For each environment, all algorithms were trained for a fixed number of timesteps; Pendulum used 30,000, Inverted pendulum used 75,000, and Hopper used 200,000. It should be noted that previous research using Hopper has trained for ~1,000,000 timesteps [3]. This results in varying numbers of episodes between algorithms and seeds, so we opted to compare the algorithms on a timestep basis.
At the start of each training session, the agent is set to act randomly for 10,000 timesteps, during which the transition data is stored in the replay buffer. This serves as an initial exploration period for the agents.
Results and discussion
the figures below show the performance of the algorithms on the Pendulum, Inverted Pendulum and Hopper environments respectively.
Here, we notice that the relative performance of each algorithm is consistent across all environments. In Pendulum, all algorithms ultimately converge to a similar near-optimal performance. In InvertedPendulum, DDPG fails to converge to a stable performace. In Hopper, none of the algorithms managed to converge to a near-optimal policy.

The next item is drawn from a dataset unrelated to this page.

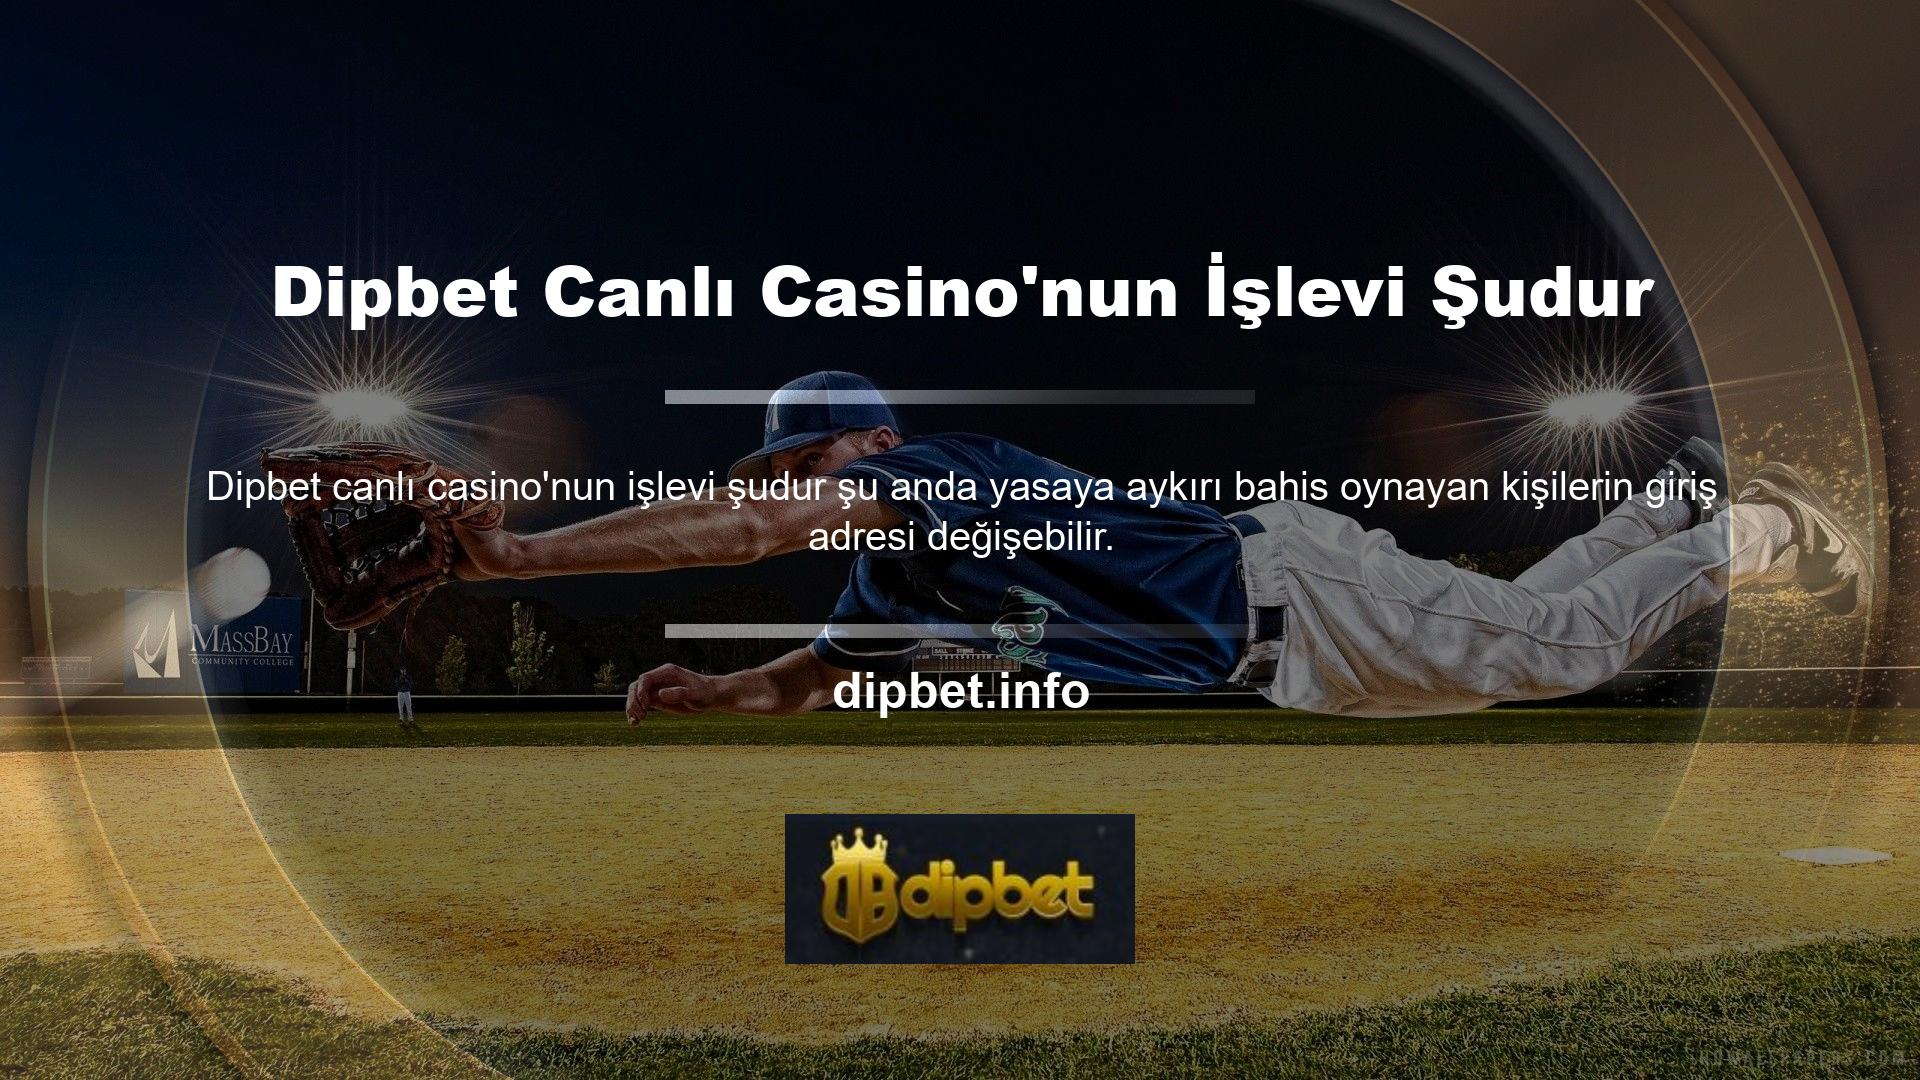 Dipbet canlı casinonun rolü nedir ve son öğenin adresini nasıl bulabilirsiniz? Dipbet son giriş adresi açıldıktan sonra gönderilen kısa mesajla sistemin cep telefonu numarası kayıt altına alındı

SAC and TD3 consistently show similar performance, particularly in Pendulum; SAC reaches a near-optimal policy slightly sooner. In InvertedPendulum, SAC initially learns quickly but seems to lose effectiveness at approximately 40,000 timesteps before converging to the optimal policy. TD3 follows a more predictable learning curve, but takes slightly longer to converge. Overall, the disparity in performance between TD3 and SAC is found to be less extreme than in previous studies \cite{3}. Both approaches demonstrate similar variance overall. This is interesting, considering the policy differences between the two: TD3 uses a deterministic policy with fixed exploration noise, so one might expect more variance at later timesteps compared to SAC, where the standard deviation of the action distribution (which defines the exploration) is learned.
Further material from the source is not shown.